I try to have a spray motion that is like a machine, so I don't think it's a paint thickness issue. Could it be product contamination? Something suspended in the paint? Could I be contaminating it somehow? Like I said, this only happens when I spray Resistant. This just baffles me.



From contributor O:
Everyone thinks you need to load a panel with primer to have a build to sand. This is true to a certain point! Some spray primer with a #12 -154 tip in a box coat pattern. This is always wet when you try to sand because of the film thickness that needs to dry. Try this on your next paint job.

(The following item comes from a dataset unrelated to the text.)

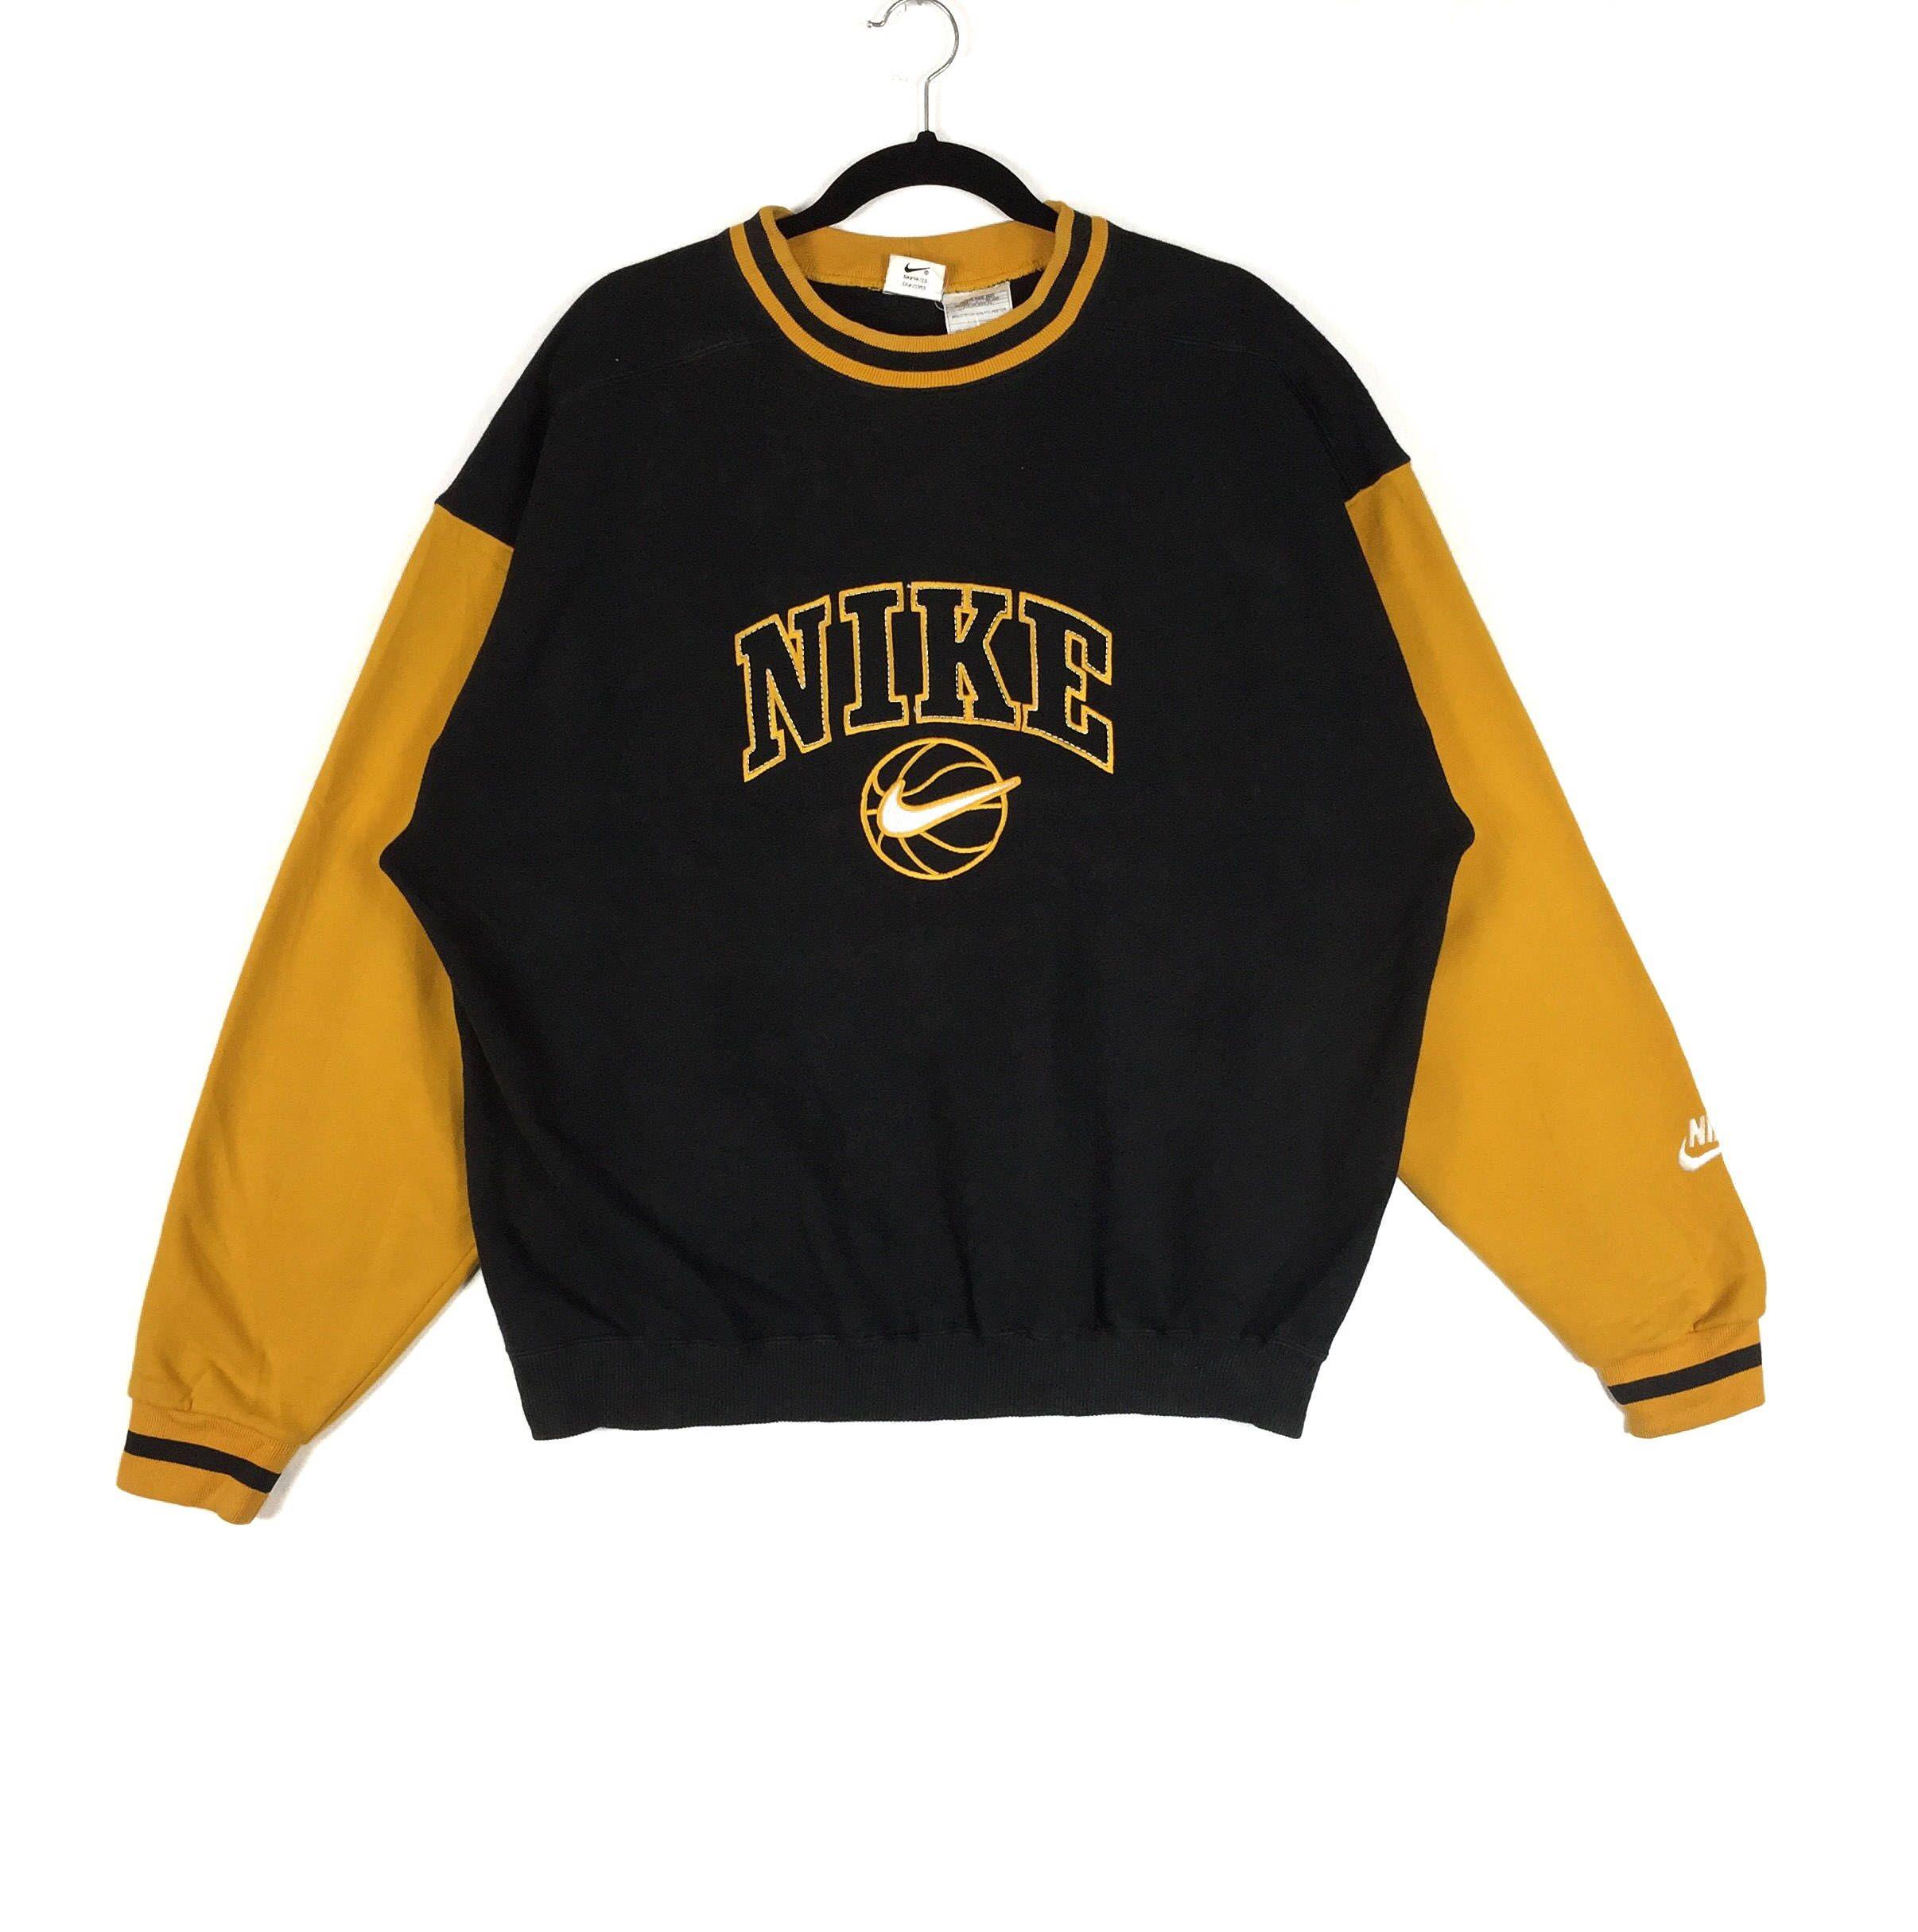 Rare Colour Block Black Yellow Sweatshirt Crew Neck Nike Swoosh Basketball Embroidery Big Logo Nike Sport Fashion Clothing Size Large Sweatshirts Sport Fashion Yellow Sweatshirt [ 2430 x 2412 Pixel ]

Spray uncut Clawlock catalyzed at 10%. The tip you're going to use is a #6-154. Your pump pressure will be 52 lbs and your air will be 22lbs. Spray a box coat and let flash off.

Example: If I have a rack of doors and drawers, I will spray the entire rack with a box coat. When I'm done I return to the first door that was sprayed and spray a second box coat. These will surely powder when sanded the following day. By spraying wet on wet, you're letting the bottom coat semi-cure or exhale under much less mill thickness. This is why you can get the build and a fully cured product to sand. If you dump and run, it's harder for the coating to exhale under so much mill thickness. You will also notice especially if you're spraying poplar that the primer is not as opaque and covers more. Lots of people just blow and go and the reason they're getting crinkling is because the primer was dumped on and is not fully cured due to what I described above. Apply the Resistant the same way and you'll notice the opaqueness will also disappear from your top coat.



From contributor O:
The next time you have to do a recoat over Resistant, try this. Sand and scuff all product. Spray with water white vinyl 1 pass catalyzed at 1%. Let dry overnight and scuff the next day. Apply Resistant at a normal mill thickness. This will eliminate any problem if you need to respray. If you're worried about crinkle before you spray Resistant, this will insure success.


From contributor O:
This is my finishing schedule for paint and glaze. Day 1 whitewood sand all cabinets, doors, drawers, and molding. Spray all 2 sided parts with primer on 1 side. Spray all cabinets and molding with primer. 6.5 hours for sanding and 3 hours for spraying primer. Day 2 spray 2nd side of all 2 sided parts. Sand cabinets and molding. 1 hour for spraying primer, 4.5 hours for primer sanding, and 3 hours for top coat on cabinets. Day 3 sand all 2 sided pieces and spray 1 side top coat. Scuff and glaze all cabinets and molding. Vinyl all cabinets. Spray 1 side of doors 1.5 hours. Sanding primed doors 4.5 hours. Scuff, glaze, and vinyl 5.5 hours. Day 4 scuff all cabinets and top coat. Topcoat 2nd side of doors. 3 hours for cabinets and 1.5 for top coat on the doors. Scuff and top coat molding 1 hour. Day 5 glaze and vinyl 1 side of doors. Glaze and vinyl 2nd side of doors 9 hours. Day 6 scuff and top coat 1 side in the am and 2 side in the pm. 10 hours to include drying time. Without drying time would be 2 hours in the am and 2 hours in the pm. The other 6 hours would be whitewood sanding on the next job. Total on the job would be 54 hours over 5 days. I don't know if this is fast, but I very rarely have a customer complain that things take too long and that includes polyester and polyurethane high gloss wet look finishes.


From contributor G:
I am more accustomed to a high production shop environment where only finishing one kitchen in a day is considered slow. If your customers like what you do, there is no problem.